Copy only what lies from the line containing "Sony Playstation 3" through the line containing "Kid's Central Railroad" in the entries below, keeping both end lines exact and dropping every picture.

Recorded information =>
--*--
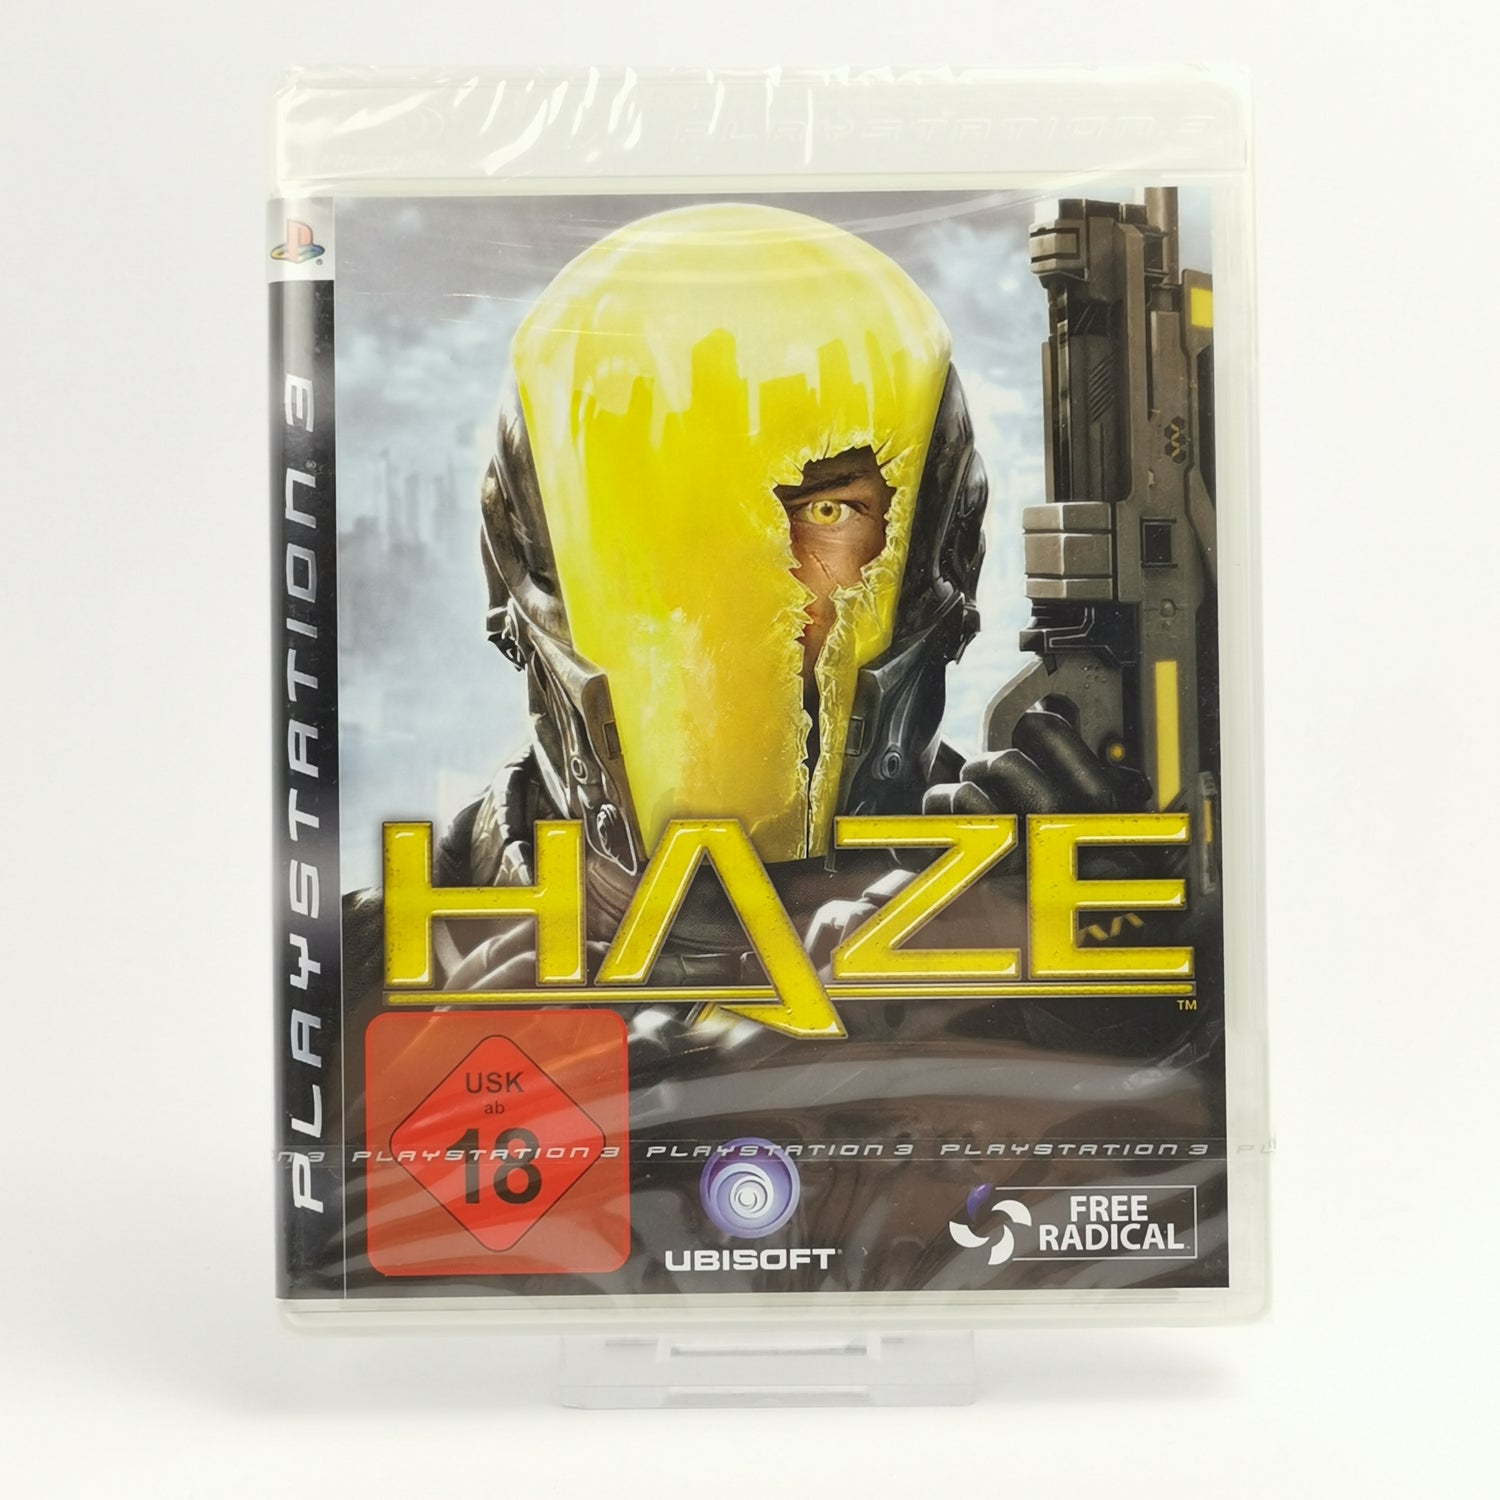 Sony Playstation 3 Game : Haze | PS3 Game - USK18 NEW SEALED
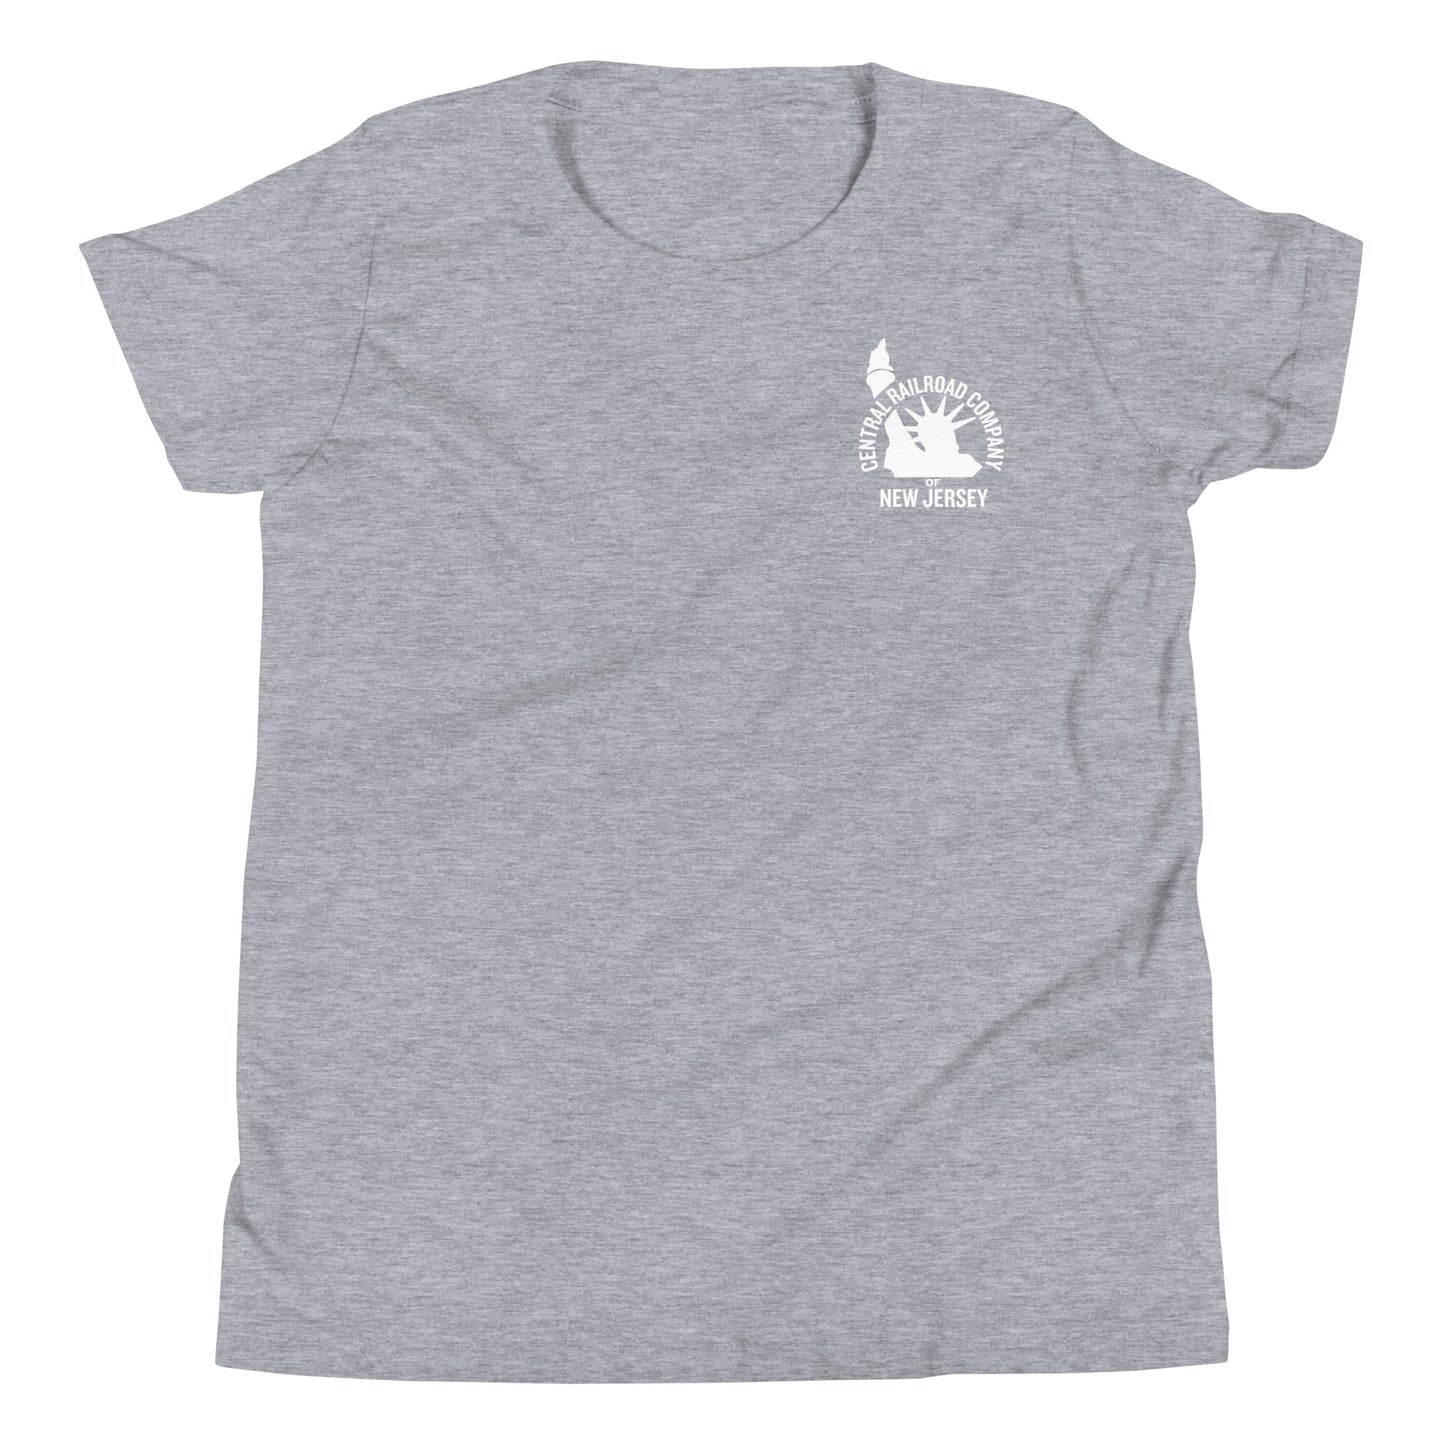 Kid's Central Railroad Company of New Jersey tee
--*--
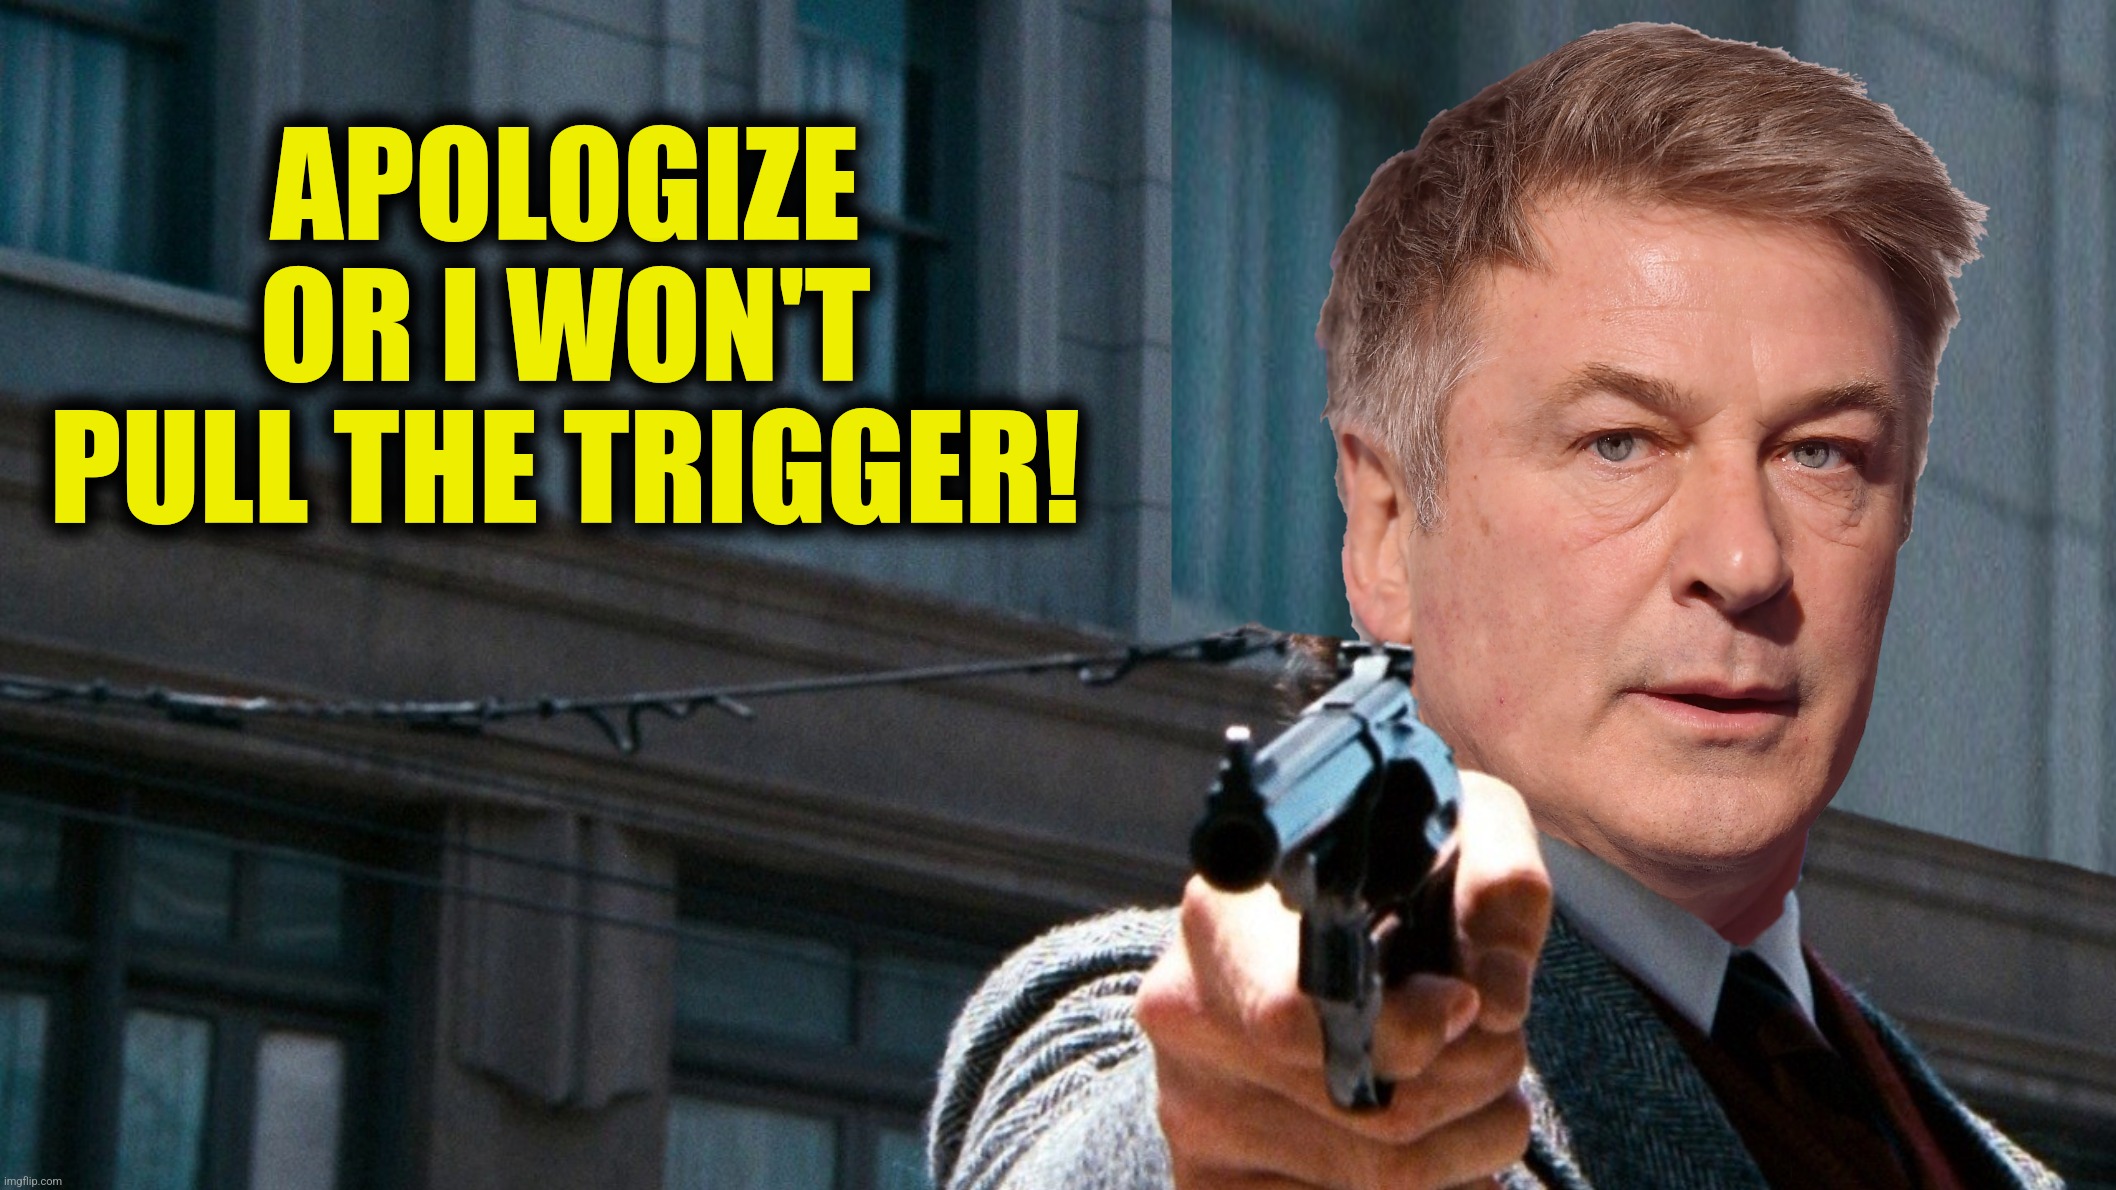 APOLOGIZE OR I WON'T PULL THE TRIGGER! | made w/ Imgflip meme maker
--*--
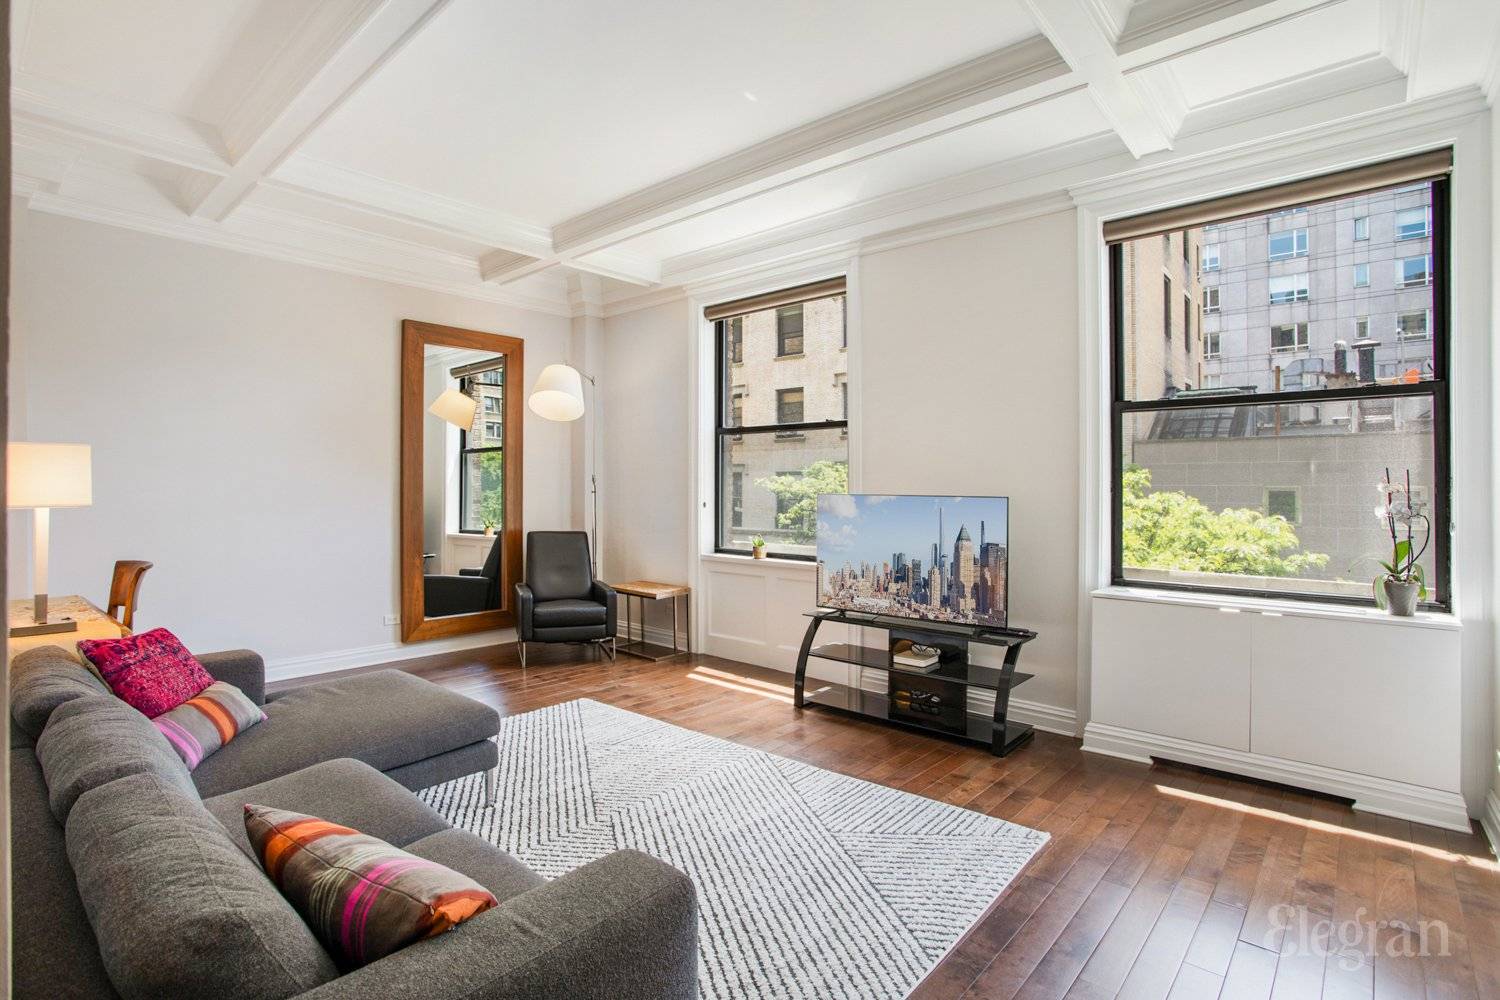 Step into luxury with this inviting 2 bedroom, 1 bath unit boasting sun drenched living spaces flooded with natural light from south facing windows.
--*--
Expected answer =>
 Sony Playstation 3 Game : Haze | PS3 Game - USK18 NEW SEALED
 Kid's Central Railroad Company of New Jersey tee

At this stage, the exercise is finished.